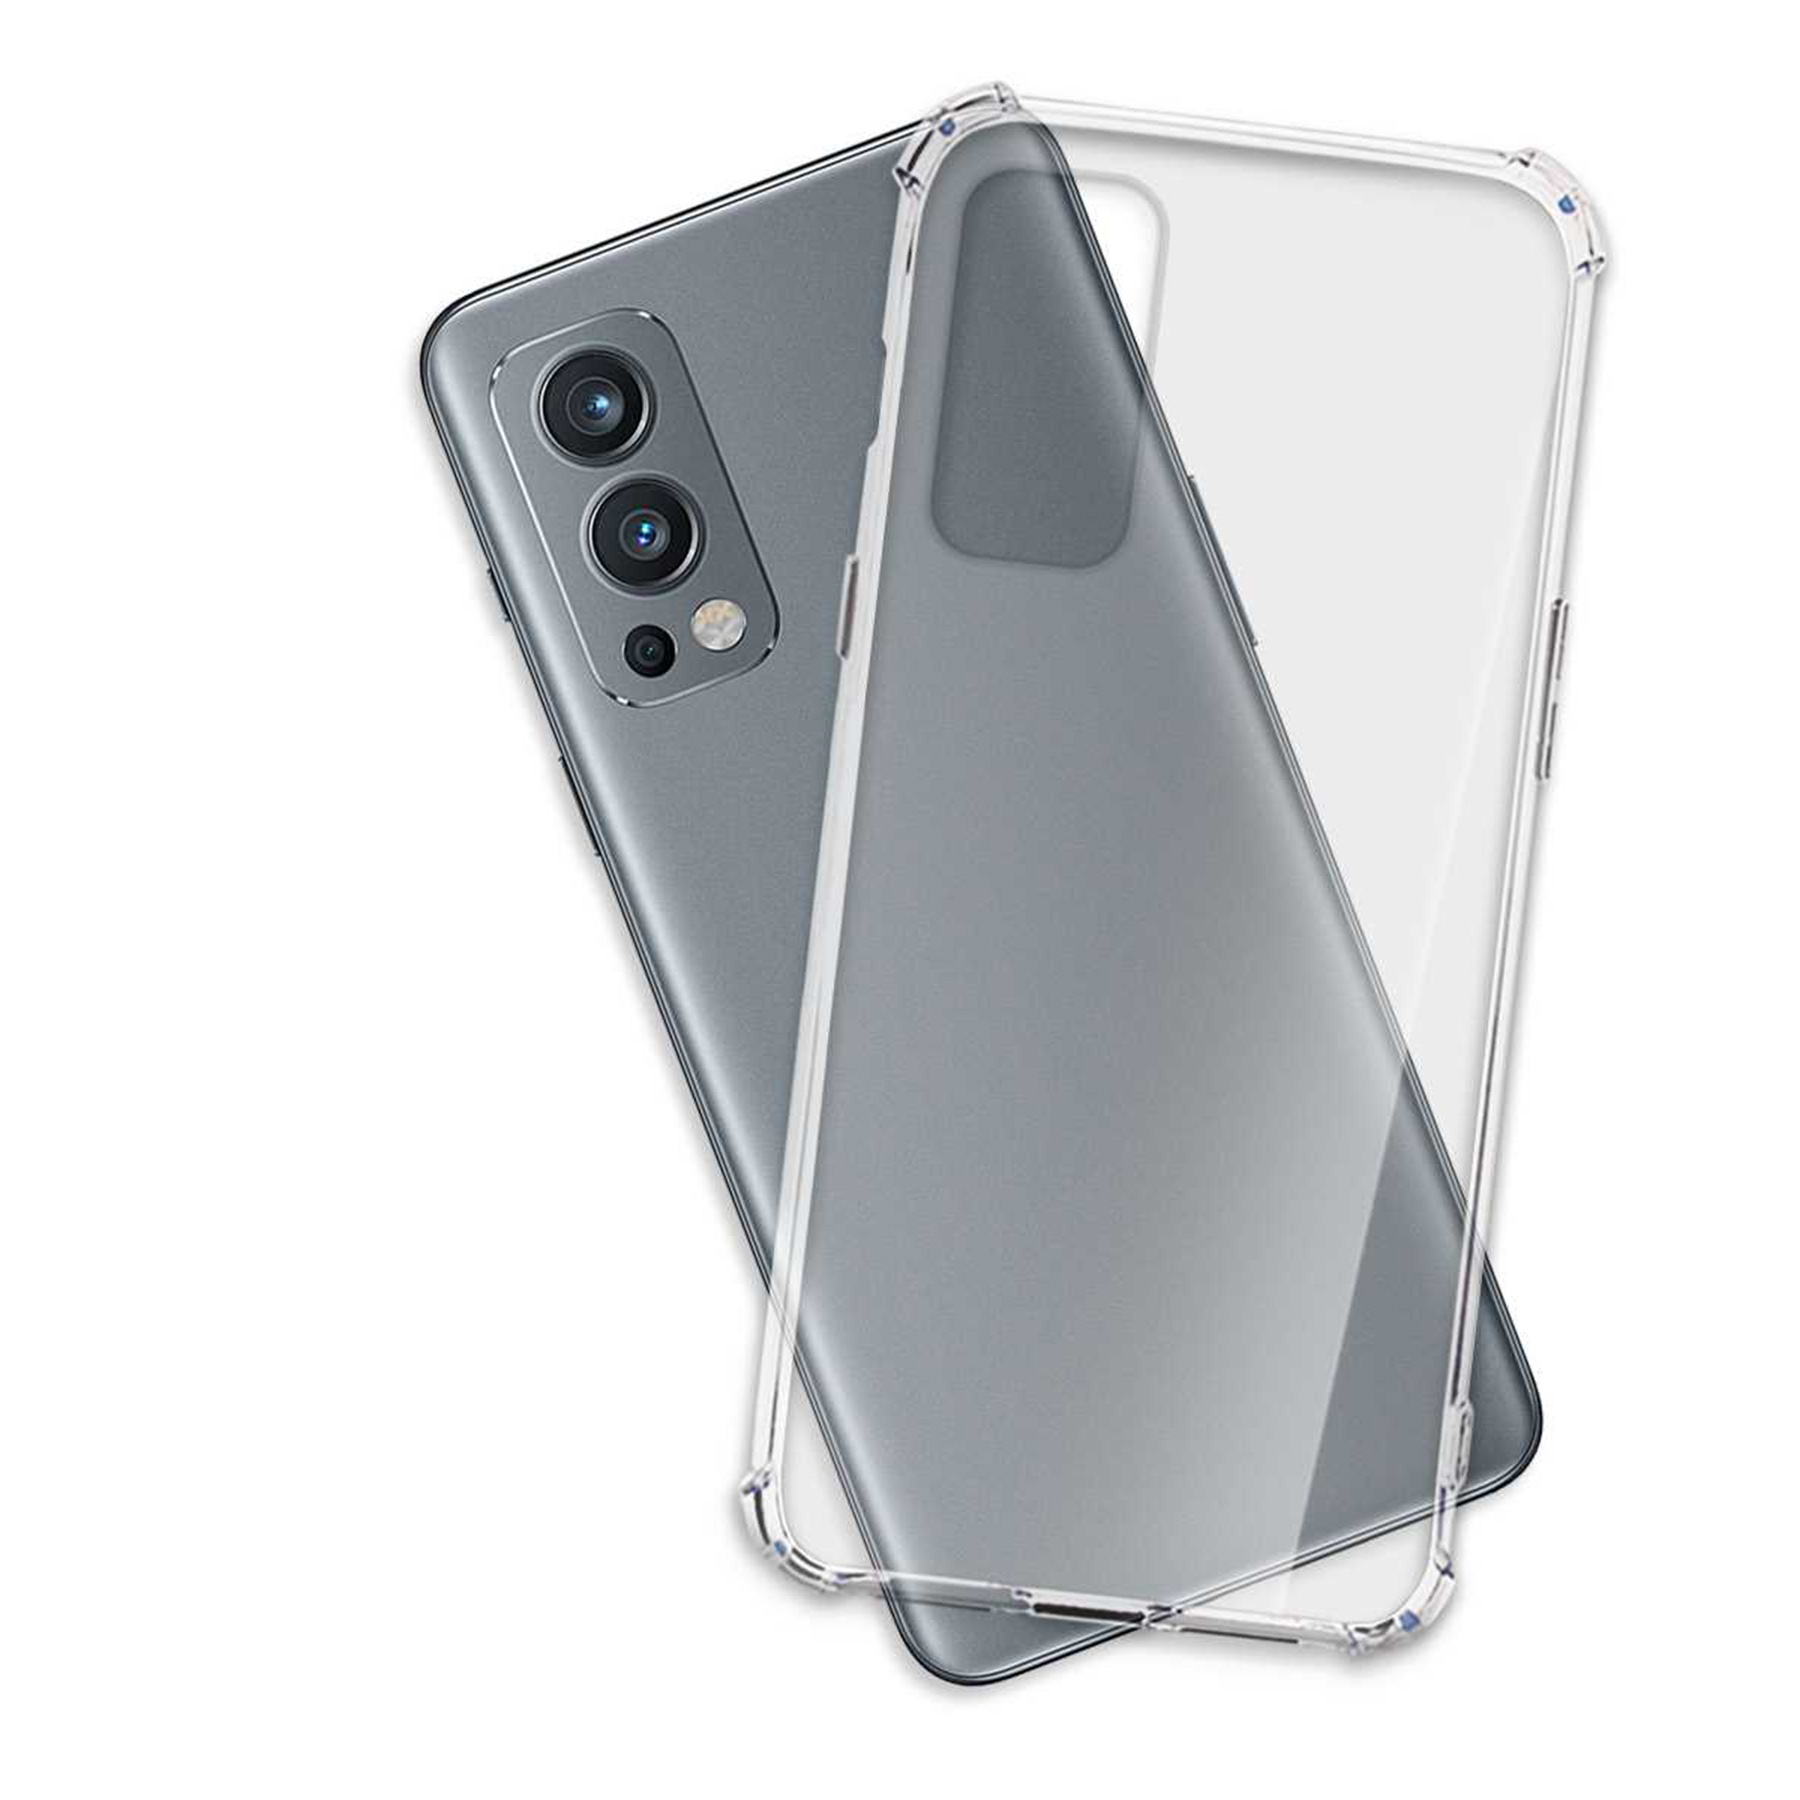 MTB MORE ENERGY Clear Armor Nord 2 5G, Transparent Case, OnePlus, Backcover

----

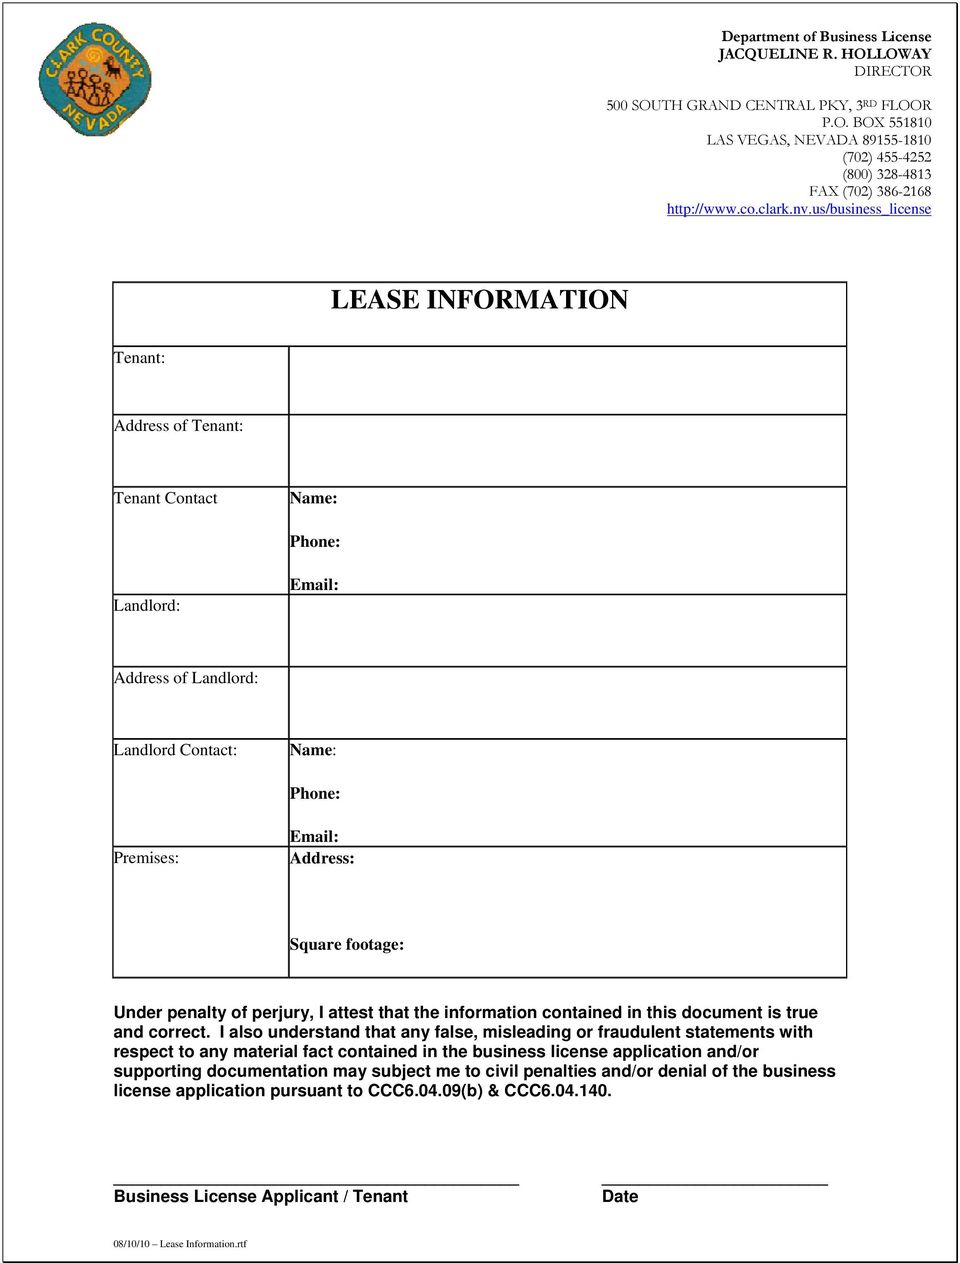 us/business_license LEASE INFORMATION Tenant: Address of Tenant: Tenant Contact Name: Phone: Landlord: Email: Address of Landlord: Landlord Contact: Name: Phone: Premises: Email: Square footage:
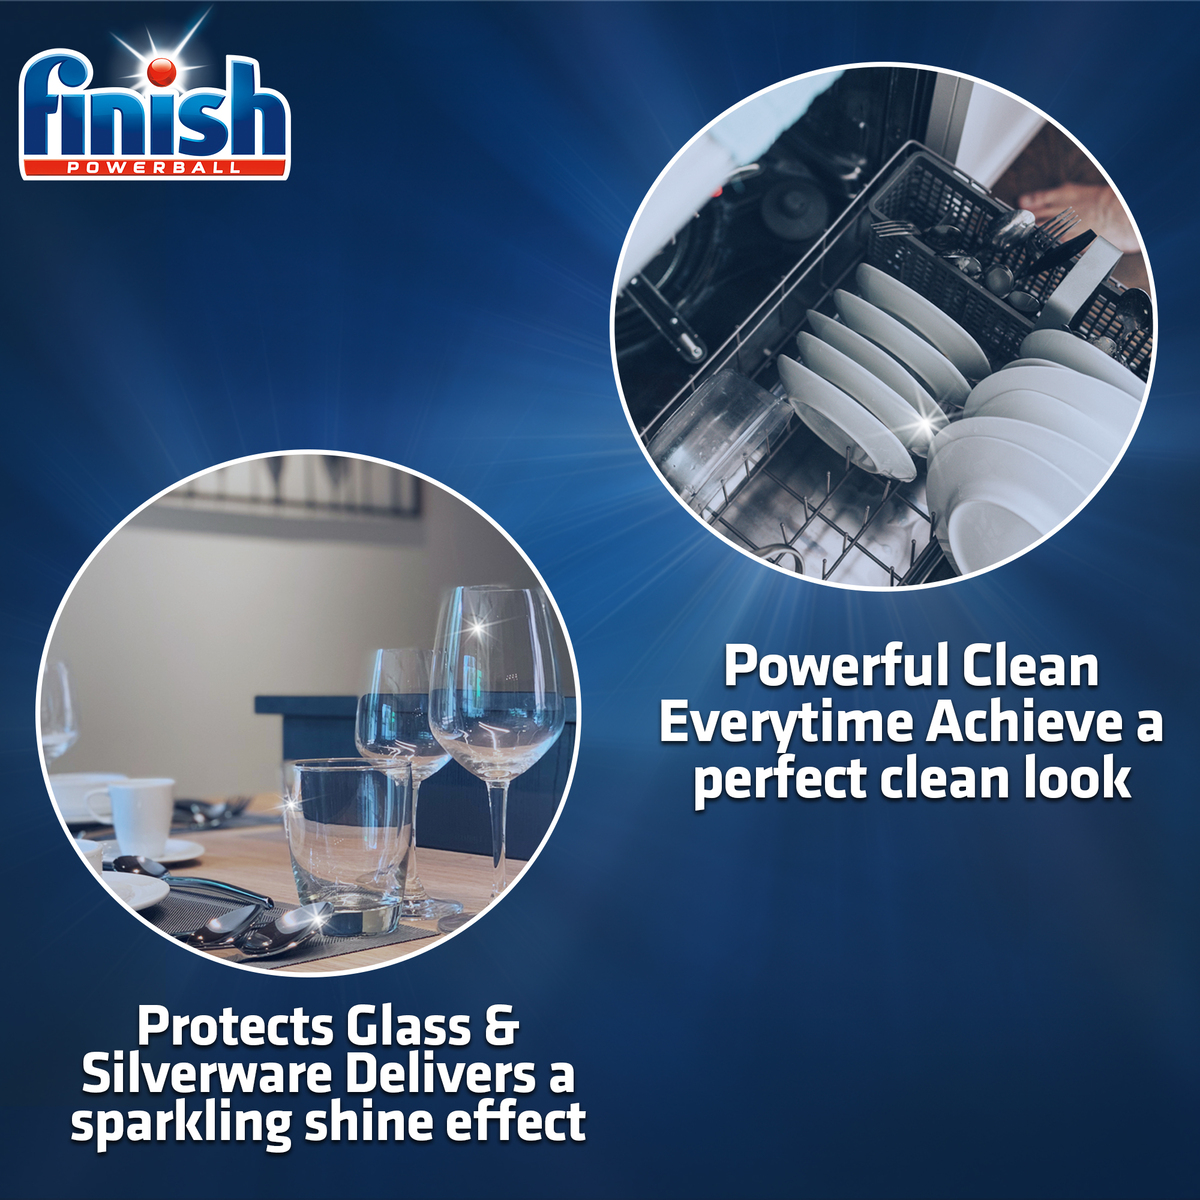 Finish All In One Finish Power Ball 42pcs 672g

----

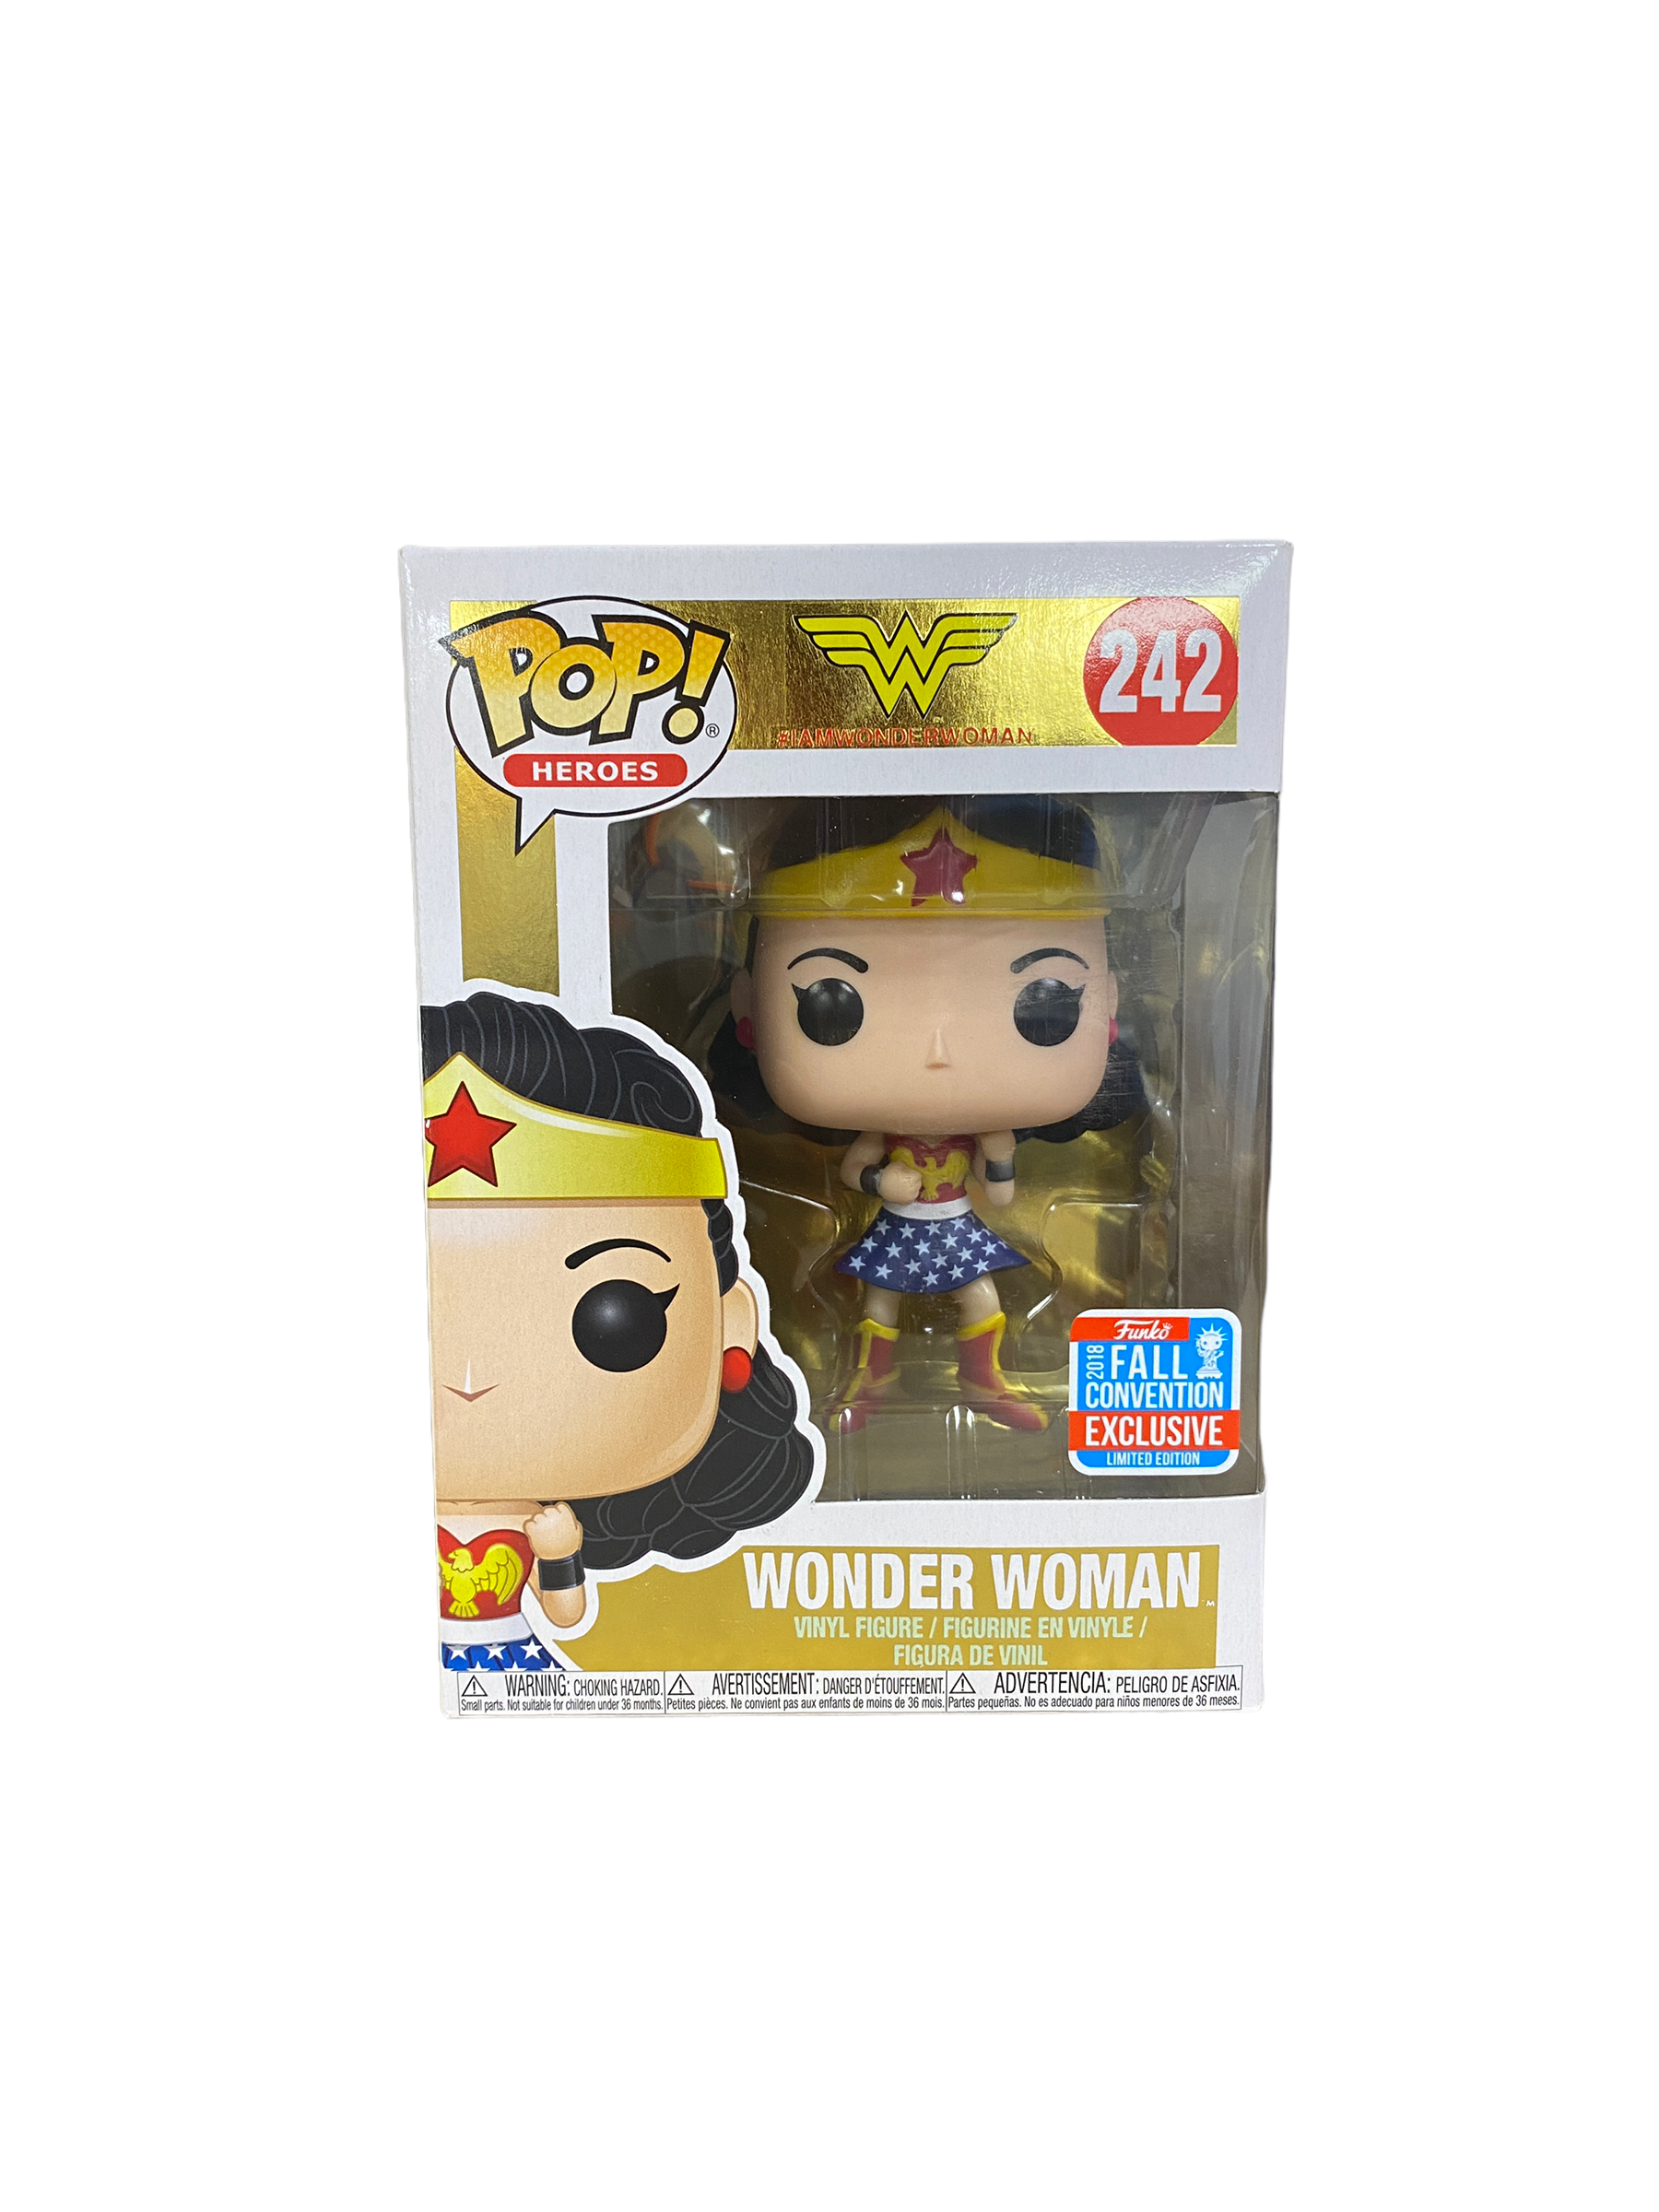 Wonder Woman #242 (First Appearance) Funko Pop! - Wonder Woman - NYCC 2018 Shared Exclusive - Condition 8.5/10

----

*Problem requirements*
Only one part of the listing is wanted: the lines from the one containing "us/business_license LEASE INFORMATION" through the one containing "Finish All In", both included. Please transcribe it exactly, leaving out the pictures.

*Task answer*
 us/business_license LEASE INFORMATION Tenant: Address of Tenant: Tenant Contact Name: Phone: Landlord: Email: Address of Landlord: Landlord Contact: Name: Phone: Premises: Email: Square footage:
 Finish All In One Finish Power Ball 42pcs 672g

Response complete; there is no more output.